Arnulf Grubler studies patterns and drivers of technological change and how they affect the environment. His research comprises four main analytical areas: 1) empirical case studies on past and present technological transitions, with emphasis on energy, transport, and communication systems; 2) development of experimental mathematical models that attempt to capture the main “stylized facts” derived from the empirical case studies; 3) integrated assessment modeling of long-term greenhouse gas emissions and analysis of technology portfolios that could lead to climate stabilization from a multi-gas, multi-sector perspective; and 4) spatially explicit modeling of demographic and economic change as input to technology diffusion and climate impact assessment studies.
Empirical Case Studies of Technological Change
The empirical work tries to answer three main questions: How is innovation uncertainty on feasibility, costs, and impacts of new technologies overcome; What is the relationship between supply push and demand pull factors in the diffusion of new technologies; What are characteristic rates of change and how these differ across different technologies and diffusion contexts.

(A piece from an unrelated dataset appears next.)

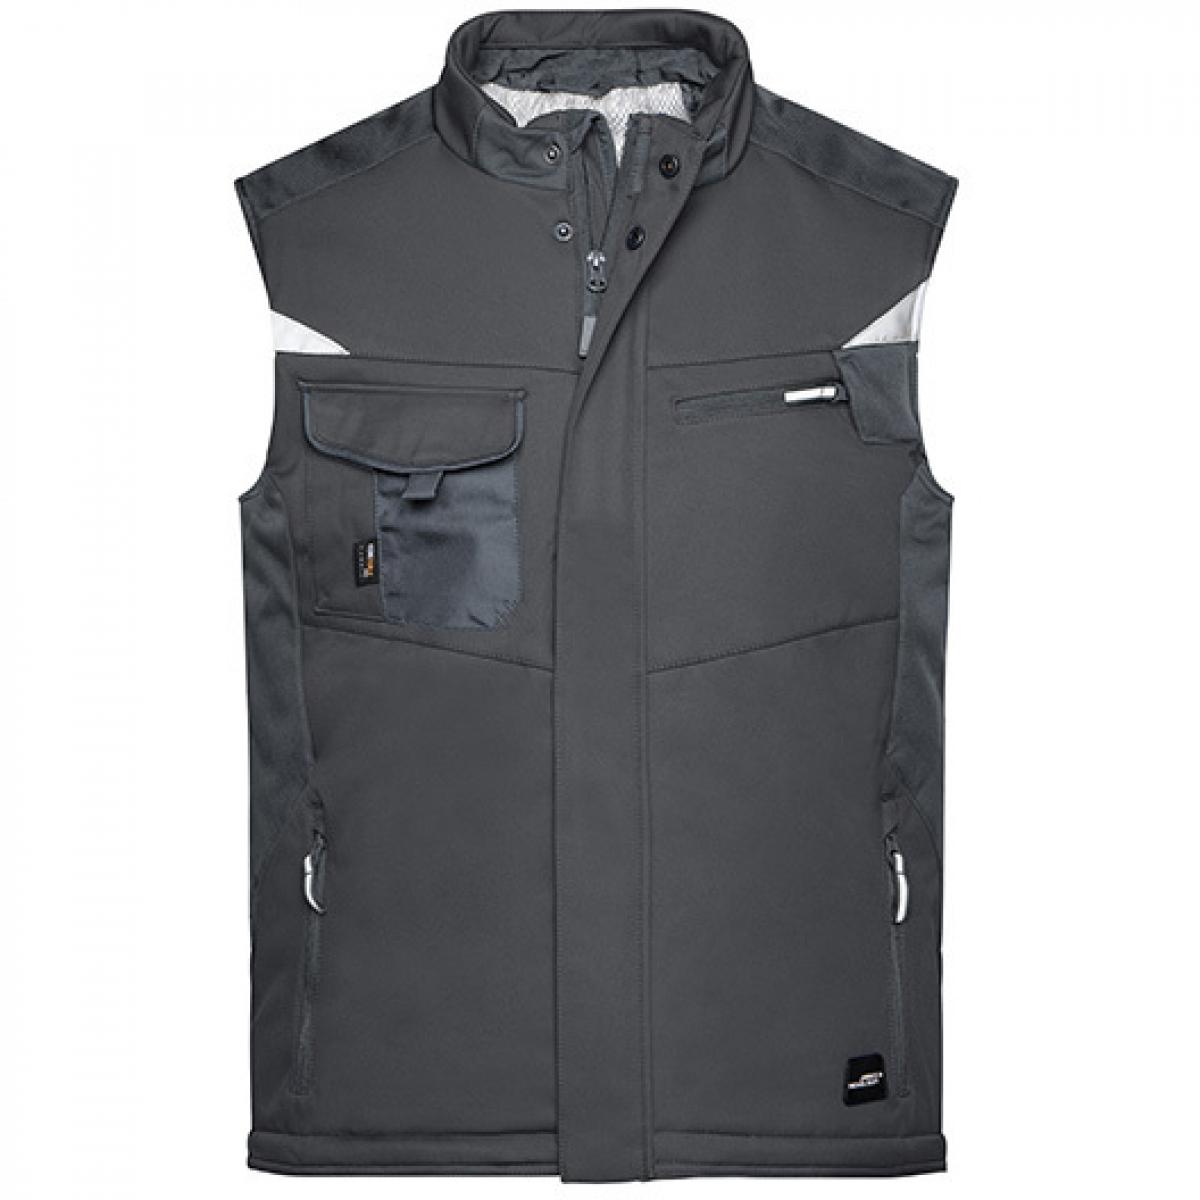 Hersteller: James+Nicholson Herstellernummer: JN825 Artikelbezeichnung: Herren Jacke, Craftsmen Softshell Vest -STRONG- Farbe: Black/Black

Case studies include historical as well as existing and emerging new technologies.
Modeling Technological Change
New experimental, stylized models are developed that aim at gaining a better understanding of the dynamics of technological change as arising from three main, interrelated features: uncertainty, increasing returns to adoption, and changes in the knowledge stock underlying new technologies (resulting from both directed R&D activities, knowledge spillover effects, as well as user-supplier interactions). Mathematically, the resulting models deal with stochastic, non-convex optimization problems. Recent research also aims at replacing the traditional social planner perspective by a multi-agent approach in models of technological change.

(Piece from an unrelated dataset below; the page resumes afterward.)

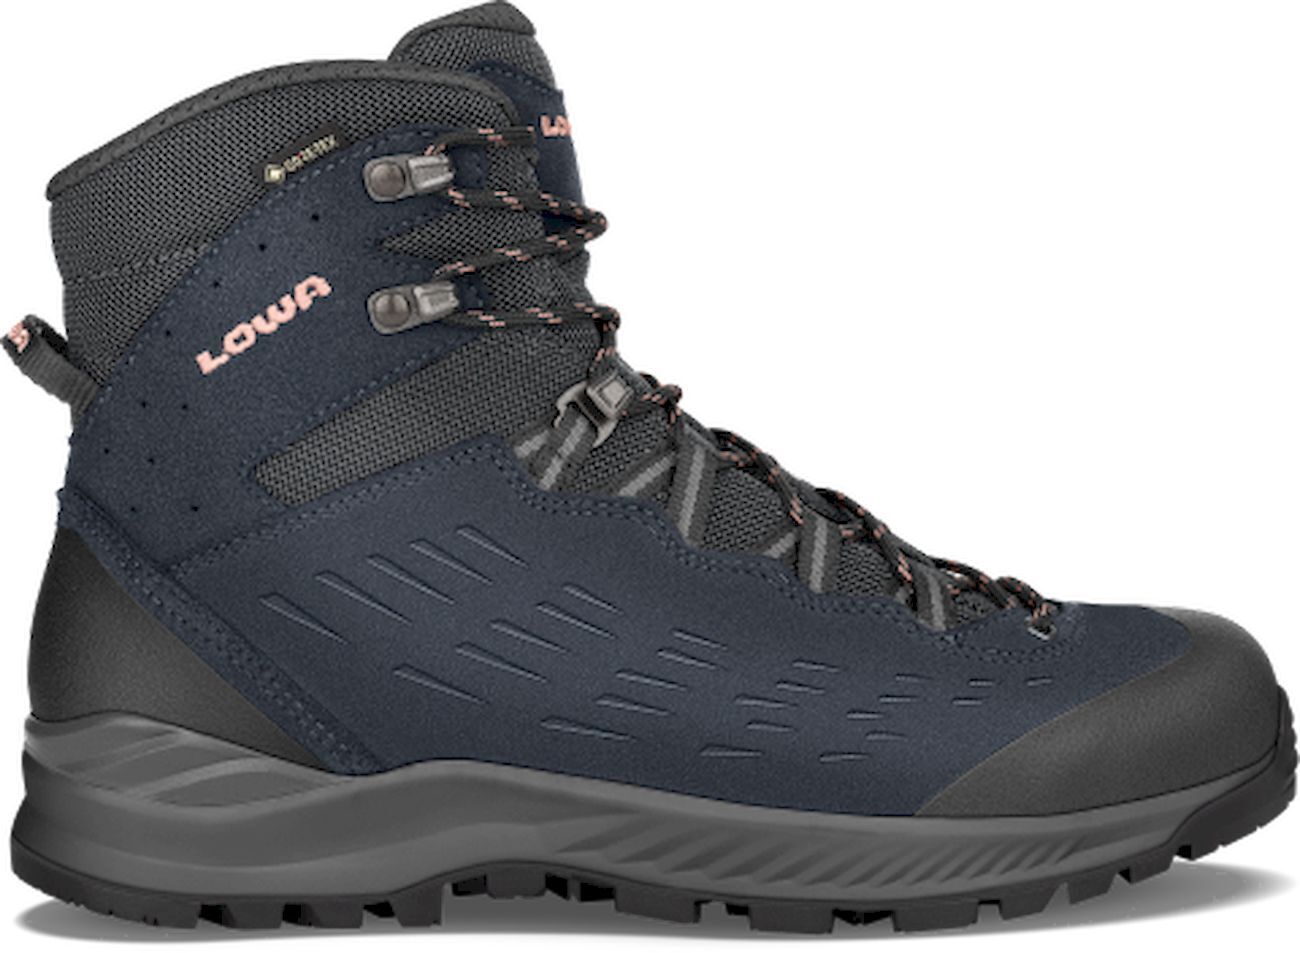 Lowa Explorer ll GTX Mid - Hiking boots - Women's

Long-term Greenhouse Gas Emissions and Climate Stabilization Scenarios
In a larger collaborative framework integrated assessment models are used to explore uncertainties in future greenhouse gas emissions through a scenario approach and to analyze technology portfolios that could ultimately lead to climate stabilization. The research emphasis is on exploration of key uncertainties, analysis of optimal technology portfolios that enable hedging against a variety of climate and mitigation risks, and on inter-sectorial linkages and feedbacks between the energy, agriculture and forestry sectors.

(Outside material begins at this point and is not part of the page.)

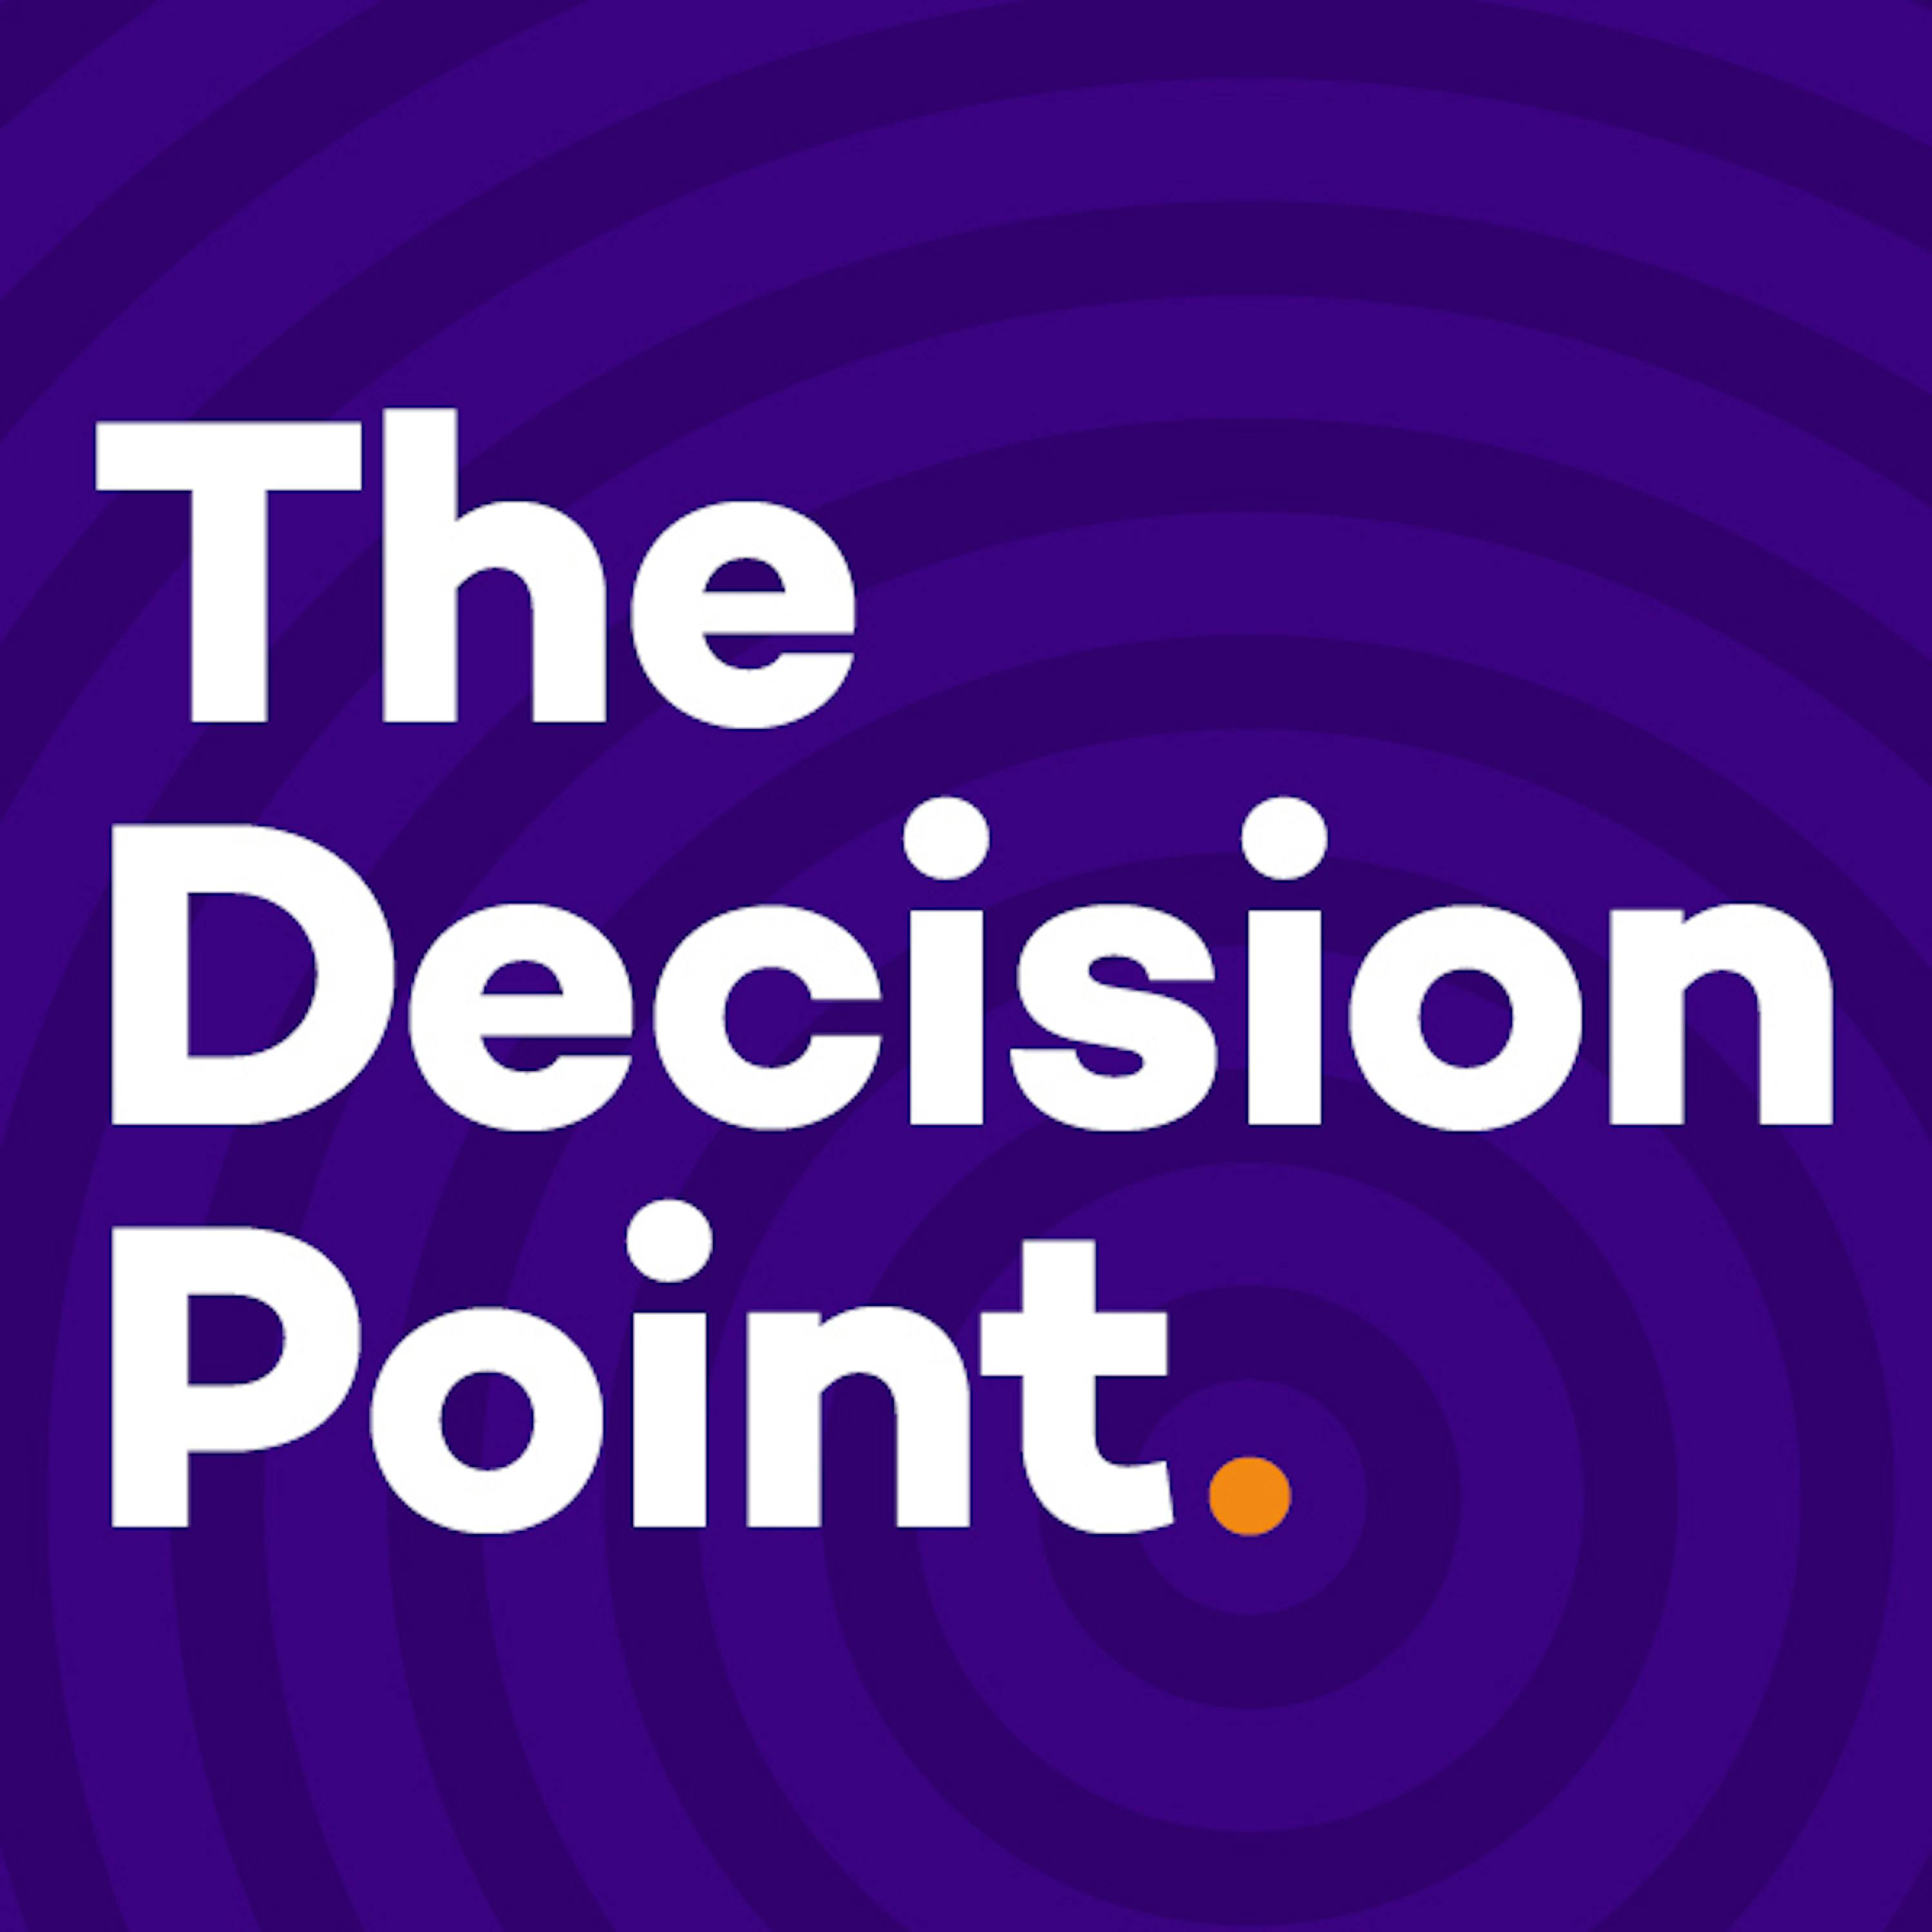 Decision Point - Derrick Henry Trade Deadline Hero

Spatially Explicit Scenarios
This research addresses the issue of how to represent spatial heterogeneity in long-term demographic and economic change scenarios that are key determinants framing climate change vulnerabilities as well as technology adoption potentials. Ongoing research combines both demographic, economic, as well as urbanization scenarios with stochastic gravity-models of spatial interactions and location to produce spatially explicit maps of future human activities.